EXERCISE DETAILS - Keeping every word and mark, copy all of the data.

DATASET EXTRACT -
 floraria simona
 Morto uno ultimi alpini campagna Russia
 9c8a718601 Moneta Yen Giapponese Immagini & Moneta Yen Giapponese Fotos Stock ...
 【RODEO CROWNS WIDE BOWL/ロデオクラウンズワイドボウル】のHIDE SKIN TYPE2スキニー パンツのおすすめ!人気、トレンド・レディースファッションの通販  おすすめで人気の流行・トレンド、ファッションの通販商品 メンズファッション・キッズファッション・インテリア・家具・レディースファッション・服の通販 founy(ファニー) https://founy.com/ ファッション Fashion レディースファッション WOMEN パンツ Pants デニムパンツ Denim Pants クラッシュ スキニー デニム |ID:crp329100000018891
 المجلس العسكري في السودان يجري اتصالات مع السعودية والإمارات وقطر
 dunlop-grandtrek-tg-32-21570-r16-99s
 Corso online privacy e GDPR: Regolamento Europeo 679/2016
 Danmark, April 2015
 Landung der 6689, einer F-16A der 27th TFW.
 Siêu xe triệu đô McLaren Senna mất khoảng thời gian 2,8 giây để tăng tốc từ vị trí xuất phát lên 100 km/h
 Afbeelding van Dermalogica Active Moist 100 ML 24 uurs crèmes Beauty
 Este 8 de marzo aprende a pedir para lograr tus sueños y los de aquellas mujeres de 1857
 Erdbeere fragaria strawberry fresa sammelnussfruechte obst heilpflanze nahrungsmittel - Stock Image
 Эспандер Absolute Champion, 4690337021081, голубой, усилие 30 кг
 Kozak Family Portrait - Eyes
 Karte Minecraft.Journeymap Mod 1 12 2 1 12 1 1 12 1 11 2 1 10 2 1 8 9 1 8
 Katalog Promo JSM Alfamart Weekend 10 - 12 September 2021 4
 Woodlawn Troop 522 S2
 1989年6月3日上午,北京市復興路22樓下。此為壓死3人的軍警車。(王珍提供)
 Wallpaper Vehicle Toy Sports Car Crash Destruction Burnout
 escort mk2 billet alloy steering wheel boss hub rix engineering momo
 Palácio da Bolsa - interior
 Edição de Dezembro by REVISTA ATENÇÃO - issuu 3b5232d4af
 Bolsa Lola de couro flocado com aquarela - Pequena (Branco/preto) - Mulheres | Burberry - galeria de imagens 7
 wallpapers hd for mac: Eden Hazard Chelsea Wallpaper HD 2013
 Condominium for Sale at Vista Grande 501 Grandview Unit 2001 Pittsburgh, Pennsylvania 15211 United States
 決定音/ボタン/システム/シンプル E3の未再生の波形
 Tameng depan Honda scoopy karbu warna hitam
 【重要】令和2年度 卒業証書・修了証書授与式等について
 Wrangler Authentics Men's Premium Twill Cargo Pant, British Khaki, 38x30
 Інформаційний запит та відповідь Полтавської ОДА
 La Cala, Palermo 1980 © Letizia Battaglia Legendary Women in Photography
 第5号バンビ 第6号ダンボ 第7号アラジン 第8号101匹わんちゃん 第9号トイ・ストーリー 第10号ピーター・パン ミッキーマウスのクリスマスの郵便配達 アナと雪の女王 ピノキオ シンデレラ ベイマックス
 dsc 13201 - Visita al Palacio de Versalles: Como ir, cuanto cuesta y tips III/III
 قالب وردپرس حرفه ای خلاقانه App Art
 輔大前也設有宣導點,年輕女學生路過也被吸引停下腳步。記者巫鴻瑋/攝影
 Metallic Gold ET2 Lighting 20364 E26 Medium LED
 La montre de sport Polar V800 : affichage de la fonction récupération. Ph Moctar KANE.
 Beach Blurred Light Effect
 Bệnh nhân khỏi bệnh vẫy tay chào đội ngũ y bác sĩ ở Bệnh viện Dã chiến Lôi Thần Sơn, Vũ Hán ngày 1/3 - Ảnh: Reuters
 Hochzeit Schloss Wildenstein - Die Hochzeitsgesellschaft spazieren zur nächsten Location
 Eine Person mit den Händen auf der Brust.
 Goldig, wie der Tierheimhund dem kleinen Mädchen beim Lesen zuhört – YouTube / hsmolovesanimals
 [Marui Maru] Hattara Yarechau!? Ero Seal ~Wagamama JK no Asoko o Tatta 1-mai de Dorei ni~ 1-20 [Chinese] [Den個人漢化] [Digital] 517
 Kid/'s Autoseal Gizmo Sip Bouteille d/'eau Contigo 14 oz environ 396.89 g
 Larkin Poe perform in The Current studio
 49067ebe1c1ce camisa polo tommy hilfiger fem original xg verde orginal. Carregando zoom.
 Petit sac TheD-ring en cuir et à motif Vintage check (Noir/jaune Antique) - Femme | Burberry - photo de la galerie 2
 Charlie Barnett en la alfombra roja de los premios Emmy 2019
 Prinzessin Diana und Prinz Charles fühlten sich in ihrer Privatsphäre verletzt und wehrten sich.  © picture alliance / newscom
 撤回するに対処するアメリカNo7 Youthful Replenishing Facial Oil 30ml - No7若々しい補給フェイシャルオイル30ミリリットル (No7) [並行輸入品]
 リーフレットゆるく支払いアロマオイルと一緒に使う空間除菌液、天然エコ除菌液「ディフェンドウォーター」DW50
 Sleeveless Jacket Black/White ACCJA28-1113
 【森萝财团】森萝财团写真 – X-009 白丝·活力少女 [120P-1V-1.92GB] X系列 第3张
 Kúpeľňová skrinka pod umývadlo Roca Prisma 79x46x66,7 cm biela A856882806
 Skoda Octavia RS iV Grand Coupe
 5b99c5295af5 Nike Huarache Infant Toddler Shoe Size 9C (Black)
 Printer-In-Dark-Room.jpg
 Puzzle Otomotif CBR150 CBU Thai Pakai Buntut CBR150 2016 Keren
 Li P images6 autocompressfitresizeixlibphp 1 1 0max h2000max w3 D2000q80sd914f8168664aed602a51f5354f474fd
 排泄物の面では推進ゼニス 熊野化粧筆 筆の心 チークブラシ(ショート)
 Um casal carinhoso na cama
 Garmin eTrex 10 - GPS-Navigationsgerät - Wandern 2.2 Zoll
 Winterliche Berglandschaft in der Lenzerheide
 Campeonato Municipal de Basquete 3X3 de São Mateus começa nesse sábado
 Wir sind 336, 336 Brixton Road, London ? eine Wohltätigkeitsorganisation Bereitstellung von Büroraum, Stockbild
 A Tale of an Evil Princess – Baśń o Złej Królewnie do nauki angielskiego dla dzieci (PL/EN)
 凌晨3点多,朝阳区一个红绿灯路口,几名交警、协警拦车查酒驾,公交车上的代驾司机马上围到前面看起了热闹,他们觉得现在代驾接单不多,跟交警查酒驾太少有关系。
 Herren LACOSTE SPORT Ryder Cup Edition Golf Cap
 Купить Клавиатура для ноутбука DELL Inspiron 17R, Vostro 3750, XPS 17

ANSWER AREA -
 floraria simona
 Morto uno ultimi alpini campagna Russia
 9c8a718601 Moneta Yen Giapponese Immagini & Moneta Yen Giapponese Fotos Stock ...
 【RODEO CROWNS WIDE BOWL/ロデオクラウンズワイドボウル】のHIDE SKIN TYPE2スキニー パンツのおすすめ!人気、トレンド・レディースファッションの通販  おすすめで人気の流行・トレンド、ファッションの通販商品 メンズファッション・キッズファッション・インテリア・家具・レディースファッション・服の通販 founy(ファニー) https://founy.com/ ファッション Fashion レディースファッション WOMEN パンツ Pants デニムパンツ Denim Pants クラッシュ スキニー デニム |ID:crp329100000018891
 المجلس العسكري في السودان يجري اتصالات مع السعودية والإمارات وقطر
 dunlop-grandtrek-tg-32-21570-r16-99s
 Corso online privacy e GDPR: Regolamento Europeo 679/2016
 Danmark, April 2015
 Landung der 6689, einer F-16A der 27th TFW.
 Siêu xe triệu đô McLaren Senna mất khoảng thời gian 2,8 giây để tăng tốc từ vị trí xuất phát lên 100 km/h
 Afbeelding van Dermalogica Active Moist 100 ML 24 uurs crèmes Beauty
 Este 8 de marzo aprende a pedir para lograr tus sueños y los de aquellas mujeres de 1857
 Erdbeere fragaria strawberry fresa sammelnussfruechte obst heilpflanze nahrungsmittel - Stock Image
 Эспандер Absolute Champion, 4690337021081, голубой, усилие 30 кг
 Kozak Family Portrait - Eyes
 Karte Minecraft.Journeymap Mod 1 12 2 1 12 1 1 12 1 11 2 1 10 2 1 8 9 1 8
 Katalog Promo JSM Alfamart Weekend 10 - 12 September 2021 4
 Woodlawn Troop 522 S2
 1989年6月3日上午,北京市復興路22樓下。此為壓死3人的軍警車。(王珍提供)
 Wallpaper Vehicle Toy Sports Car Crash Destruction Burnout
 escort mk2 billet alloy steering wheel boss hub rix engineering momo
 Palácio da Bolsa - interior
 Edição de Dezembro by REVISTA ATENÇÃO - issuu 3b5232d4af
 Bolsa Lola de couro flocado com aquarela - Pequena (Branco/preto) - Mulheres | Burberry - galeria de imagens 7
 wallpapers hd for mac: Eden Hazard Chelsea Wallpaper HD 2013
 Condominium for Sale at Vista Grande 501 Grandview Unit 2001 Pittsburgh, Pennsylvania 15211 United States
 決定音/ボタン/システム/シンプル E3の未再生の波形
 Tameng depan Honda scoopy karbu warna hitam
 【重要】令和2年度 卒業証書・修了証書授与式等について
 Wrangler Authentics Men's Premium Twill Cargo Pant, British Khaki, 38x30
 Інформаційний запит та відповідь Полтавської ОДА
 La Cala, Palermo 1980 © Letizia Battaglia Legendary Women in Photography
 第5号バンビ 第6号ダンボ 第7号アラジン 第8号101匹わんちゃん 第9号トイ・ストーリー 第10号ピーター・パン ミッキーマウスのクリスマスの郵便配達 アナと雪の女王 ピノキオ シンデレラ ベイマックス
 dsc 13201 - Visita al Palacio de Versalles: Como ir, cuanto cuesta y tips III/III
 قالب وردپرس حرفه ای خلاقانه App Art
 輔大前也設有宣導點,年輕女學生路過也被吸引停下腳步。記者巫鴻瑋/攝影
 Metallic Gold ET2 Lighting 20364 E26 Medium LED
 La montre de sport Polar V800 : affichage de la fonction récupération. Ph Moctar KANE.
 Beach Blurred Light Effect
 Bệnh nhân khỏi bệnh vẫy tay chào đội ngũ y bác sĩ ở Bệnh viện Dã chiến Lôi Thần Sơn, Vũ Hán ngày 1/3 - Ảnh: Reuters
 Hochzeit Schloss Wildenstein - Die Hochzeitsgesellschaft spazieren zur nächsten Location
 Eine Person mit den Händen auf der Brust.
 Goldig, wie der Tierheimhund dem kleinen Mädchen beim Lesen zuhört – YouTube / hsmolovesanimals
 [Marui Maru] Hattara Yarechau!? Ero Seal ~Wagamama JK no Asoko o Tatta 1-mai de Dorei ni~ 1-20 [Chinese] [Den個人漢化] [Digital] 517
 Kid/'s Autoseal Gizmo Sip Bouteille d/'eau Contigo 14 oz environ 396.89 g
 Larkin Poe perform in The Current studio
 49067ebe1c1ce camisa polo tommy hilfiger fem original xg verde orginal. Carregando zoom.
 Petit sac TheD-ring en cuir et à motif Vintage check (Noir/jaune Antique) - Femme | Burberry - photo de la galerie 2
 Charlie Barnett en la alfombra roja de los premios Emmy 2019
 Prinzessin Diana und Prinz Charles fühlten sich in ihrer Privatsphäre verletzt und wehrten sich.  © picture alliance / newscom
 撤回するに対処するアメリカNo7 Youthful Replenishing Facial Oil 30ml - No7若々しい補給フェイシャルオイル30ミリリットル (No7) [並行輸入品]
 リーフレットゆるく支払いアロマオイルと一緒に使う空間除菌液、天然エコ除菌液「ディフェンドウォーター」DW50
 Sleeveless Jacket Black/White ACCJA28-1113
 【森萝财团】森萝财团写真 – X-009 白丝·活力少女 [120P-1V-1.92GB] X系列 第3张
 Kúpeľňová skrinka pod umývadlo Roca Prisma 79x46x66,7 cm biela A856882806
 Skoda Octavia RS iV Grand Coupe
 5b99c5295af5 Nike Huarache Infant Toddler Shoe Size 9C (Black)
 Printer-In-Dark-Room.jpg
 Puzzle Otomotif CBR150 CBU Thai Pakai Buntut CBR150 2016 Keren
 Li P images6 autocompressfitresizeixlibphp 1 1 0max h2000max w3 D2000q80sd914f8168664aed602a51f5354f474fd
 排泄物の面では推進ゼニス 熊野化粧筆 筆の心 チークブラシ(ショート)
 Um casal carinhoso na cama
 Garmin eTrex 10 - GPS-Navigationsgerät - Wandern 2.2 Zoll
 Winterliche Berglandschaft in der Lenzerheide
 Campeonato Municipal de Basquete 3X3 de São Mateus começa nesse sábado
 Wir sind 336, 336 Brixton Road, London ? eine Wohltätigkeitsorganisation Bereitstellung von Büroraum, Stockbild
 A Tale of an Evil Princess – Baśń o Złej Królewnie do nauki angielskiego dla dzieci (PL/EN)
 凌晨3点多,朝阳区一个红绿灯路口,几名交警、协警拦车查酒驾,公交车上的代驾司机马上围到前面看起了热闹,他们觉得现在代驾接单不多,跟交警查酒驾太少有关系。
 Herren LACOSTE SPORT Ryder Cup Edition Golf Cap
 Купить Клавиатура для ноутбука DELL Inspiron 17R, Vostro 3750, XPS 17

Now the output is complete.